--- DATA FOR THIS TASK Enclosed Below ---

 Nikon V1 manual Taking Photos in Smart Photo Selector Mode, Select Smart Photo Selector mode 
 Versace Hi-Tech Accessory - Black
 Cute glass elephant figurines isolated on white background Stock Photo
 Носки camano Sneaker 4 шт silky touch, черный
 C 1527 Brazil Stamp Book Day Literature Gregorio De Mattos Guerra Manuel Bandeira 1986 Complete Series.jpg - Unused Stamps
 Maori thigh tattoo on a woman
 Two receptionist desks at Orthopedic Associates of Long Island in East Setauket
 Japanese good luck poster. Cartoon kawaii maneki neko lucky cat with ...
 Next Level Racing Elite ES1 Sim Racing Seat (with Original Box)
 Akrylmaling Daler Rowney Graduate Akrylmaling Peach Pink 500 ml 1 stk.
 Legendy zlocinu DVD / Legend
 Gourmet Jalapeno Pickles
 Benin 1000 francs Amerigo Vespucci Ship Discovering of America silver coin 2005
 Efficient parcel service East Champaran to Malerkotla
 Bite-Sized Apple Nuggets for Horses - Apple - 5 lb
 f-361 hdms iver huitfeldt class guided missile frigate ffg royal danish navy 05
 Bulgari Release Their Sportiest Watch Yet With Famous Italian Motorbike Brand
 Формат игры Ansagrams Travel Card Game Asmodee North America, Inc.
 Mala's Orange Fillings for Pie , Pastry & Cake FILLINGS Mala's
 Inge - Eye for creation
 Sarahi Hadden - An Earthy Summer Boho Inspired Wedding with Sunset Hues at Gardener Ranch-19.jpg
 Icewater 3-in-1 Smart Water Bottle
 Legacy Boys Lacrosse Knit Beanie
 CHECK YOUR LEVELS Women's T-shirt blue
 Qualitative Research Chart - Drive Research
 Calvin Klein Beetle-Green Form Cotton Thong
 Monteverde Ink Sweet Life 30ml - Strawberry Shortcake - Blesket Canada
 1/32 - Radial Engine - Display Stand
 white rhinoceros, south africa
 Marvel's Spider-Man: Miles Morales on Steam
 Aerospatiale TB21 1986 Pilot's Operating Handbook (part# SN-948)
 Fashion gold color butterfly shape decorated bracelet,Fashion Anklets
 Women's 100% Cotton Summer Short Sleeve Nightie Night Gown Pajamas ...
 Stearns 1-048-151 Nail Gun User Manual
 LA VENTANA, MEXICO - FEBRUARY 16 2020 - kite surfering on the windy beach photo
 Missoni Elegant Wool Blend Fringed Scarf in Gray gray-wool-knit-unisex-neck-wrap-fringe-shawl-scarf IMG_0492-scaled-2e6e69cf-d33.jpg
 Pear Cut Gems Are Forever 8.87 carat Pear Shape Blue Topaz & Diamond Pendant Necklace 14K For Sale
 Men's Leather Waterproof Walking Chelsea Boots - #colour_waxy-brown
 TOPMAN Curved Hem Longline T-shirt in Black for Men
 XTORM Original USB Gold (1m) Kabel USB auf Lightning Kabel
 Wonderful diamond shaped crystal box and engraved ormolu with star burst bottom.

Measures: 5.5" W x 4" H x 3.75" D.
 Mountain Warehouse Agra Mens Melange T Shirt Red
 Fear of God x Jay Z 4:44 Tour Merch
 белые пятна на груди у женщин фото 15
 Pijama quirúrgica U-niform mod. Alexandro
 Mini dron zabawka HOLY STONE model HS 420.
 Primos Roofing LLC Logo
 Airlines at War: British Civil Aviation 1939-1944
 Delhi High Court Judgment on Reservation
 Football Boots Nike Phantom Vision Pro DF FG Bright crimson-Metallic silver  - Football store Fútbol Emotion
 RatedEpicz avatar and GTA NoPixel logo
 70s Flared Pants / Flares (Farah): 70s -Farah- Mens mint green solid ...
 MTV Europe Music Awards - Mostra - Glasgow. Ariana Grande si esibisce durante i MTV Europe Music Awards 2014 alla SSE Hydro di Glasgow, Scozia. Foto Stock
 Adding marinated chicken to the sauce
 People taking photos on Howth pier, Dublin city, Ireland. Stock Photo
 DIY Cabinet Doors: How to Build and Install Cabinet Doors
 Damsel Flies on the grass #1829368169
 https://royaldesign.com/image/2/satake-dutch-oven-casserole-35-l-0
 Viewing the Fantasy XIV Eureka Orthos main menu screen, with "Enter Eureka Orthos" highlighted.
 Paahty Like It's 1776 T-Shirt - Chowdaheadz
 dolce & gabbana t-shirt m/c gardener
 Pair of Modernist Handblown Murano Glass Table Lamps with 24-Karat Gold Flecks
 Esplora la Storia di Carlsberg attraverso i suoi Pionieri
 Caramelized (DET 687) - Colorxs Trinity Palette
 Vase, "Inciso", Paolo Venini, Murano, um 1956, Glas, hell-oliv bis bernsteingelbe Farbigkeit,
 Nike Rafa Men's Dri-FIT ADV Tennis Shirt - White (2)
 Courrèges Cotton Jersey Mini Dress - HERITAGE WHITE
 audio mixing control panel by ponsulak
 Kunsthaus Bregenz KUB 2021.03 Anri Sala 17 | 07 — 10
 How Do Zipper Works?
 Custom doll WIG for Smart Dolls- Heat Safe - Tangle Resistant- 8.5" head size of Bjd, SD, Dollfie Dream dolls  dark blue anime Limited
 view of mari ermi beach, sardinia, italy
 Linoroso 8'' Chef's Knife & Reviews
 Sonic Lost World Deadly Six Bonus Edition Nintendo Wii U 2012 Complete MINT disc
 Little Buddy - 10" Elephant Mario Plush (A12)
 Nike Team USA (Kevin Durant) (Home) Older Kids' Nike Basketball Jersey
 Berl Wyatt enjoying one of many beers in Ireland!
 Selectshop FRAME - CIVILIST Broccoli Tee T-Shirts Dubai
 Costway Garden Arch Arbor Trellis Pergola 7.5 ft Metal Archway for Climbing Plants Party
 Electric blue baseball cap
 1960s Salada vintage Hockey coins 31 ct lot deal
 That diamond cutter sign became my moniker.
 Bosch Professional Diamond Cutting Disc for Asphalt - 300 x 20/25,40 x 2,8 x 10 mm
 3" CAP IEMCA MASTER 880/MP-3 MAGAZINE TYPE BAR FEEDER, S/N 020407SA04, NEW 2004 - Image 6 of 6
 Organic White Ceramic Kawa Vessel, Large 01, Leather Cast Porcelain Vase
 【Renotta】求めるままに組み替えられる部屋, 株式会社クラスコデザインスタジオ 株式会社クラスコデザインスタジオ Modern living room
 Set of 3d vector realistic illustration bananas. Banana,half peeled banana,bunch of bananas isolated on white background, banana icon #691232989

--- End of Enclosed DATA FOR THIS TASK ---

Print, without alteration, only the lines above between the one holding "Nike Team USA" and the one holding "Electric blue baseball cap", inclusive.

 Nike Team USA (Kevin Durant) (Home) Older Kids' Nike Basketball Jersey
 Berl Wyatt enjoying one of many beers in Ireland!
 Selectshop FRAME - CIVILIST Broccoli Tee T-Shirts Dubai
 Costway Garden Arch Arbor Trellis Pergola 7.5 ft Metal Archway for Climbing Plants Party
 Electric blue baseball cap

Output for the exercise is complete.